How SOAP Notes Improve Patient Care
Ultimately, good documentation is about the patient. A well-written SOAP note:
- Tracks progress over time: It creates a clear, chronological record of a patient’s health journey.
- Facilitates team collaboration: It allows a multidisciplinary team to work together seamlessly.
- Supports evidence-based decisions: It provides the data needed to justify treatment choices and adjust the plan as needed.
SOAP Notes vs. Other Documentation Methods
While SOAP is the most common, you may encounter other formats:
- SOAP vs. DAP Notes: DAP stands for Data, Assessment, Plan. It combines the Subjective and Objective sections into a single “Data” category. It’s often used in behavioral health where the distinction between subjective and objective can be more fluid.
- SOAP vs. BIRP Notes: BIRP stands for Behavior, Intervention, Response, Plan. This format is also common in mental and behavioral health, focusing more on the client’s presentation and reaction to therapeutic interventions.
The best format depends on your specialty and your facility’s standards, but the principles of clear, structured documentation remain the same.

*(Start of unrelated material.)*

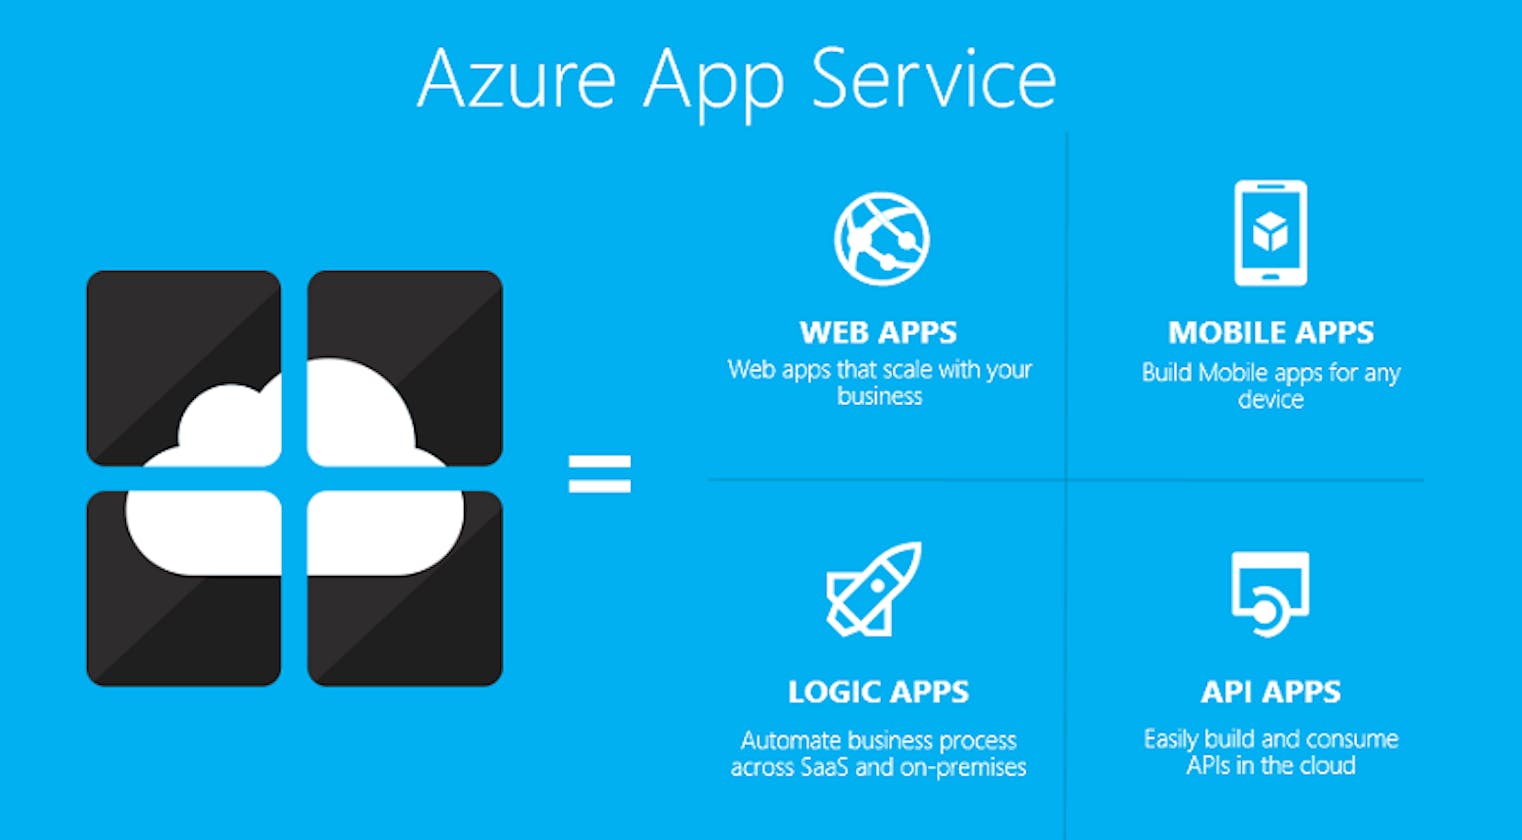 Azure App Service: A Managed Platform for Web, Mobile, and API Apps

Digital vs. Paper SOAP Notes
The days of scribbling notes on paper are fading. Electronic Health Records (EHRs) are now the norm.
Advantages of EHRs:
- Legibility: No more deciphering messy handwriting.
- Accessibility: Notes can be accessed instantly by authorized providers anywhere.
- Efficiency: Templates and smart phrases can speed up the documentation process.
- Data Integration: Lab results and imaging can be pulled directly into the note source.
Popular EHR systems like Epic, Cerner, and Athenahealth all have built-in templates to streamline writing SOAP notes. If you’re transitioning to digital, take the time to learn your system’s shortcuts—it will save you hours in the long run.
Frequently Asked Questions
1. How long should SOAP notes be?
As long as necessary, but as short as possible. The goal is to be comprehensive yet concise. A follow-up visit for a minor issue might only be a few lines in each section, while a complex new patient visit will be much longer.
2. Can I use abbreviations?
Yes, but only use standard, universally accepted medical abbreviations or those specifically approved by your institution to avoid confusion and potential errors.
3. How long should I keep SOAP notes?
This varies by state law and facility policy, but medical records are typically kept for a minimum of 7-10 years after the last date of service for adults. Check your specific state and federal guidelines for exact requirements.
4. What if I make a mistake?
If you’re using paper, draw a single line through the error, write “error,” and initial and date it. Never use white-out. In an EHR, there will be a specific process for creating an addendum to correct the record while preserving the original entry.
Conclusion: Mastering SOAP Notes for Better Patient Care
SOAP notes are more than just a requirement; they are a narrative of your patient’s health and a testament to your clinical diligence. By mastering this simple yet powerful structure, you enhance communication, protect yourself legally, and most importantly, contribute to better outcomes for the people you care for.
Like any skill, writing excellent patient documentation takes practice. So embrace the structure, be deliberate in your writing, and watch as it transforms your clinical workflow and sharpens your diagnostic mind.
For further learning, consider checking out resources from your specific professional organization, such as the American Medical Association (AMA) or the American Physical Therapy Association (APTA).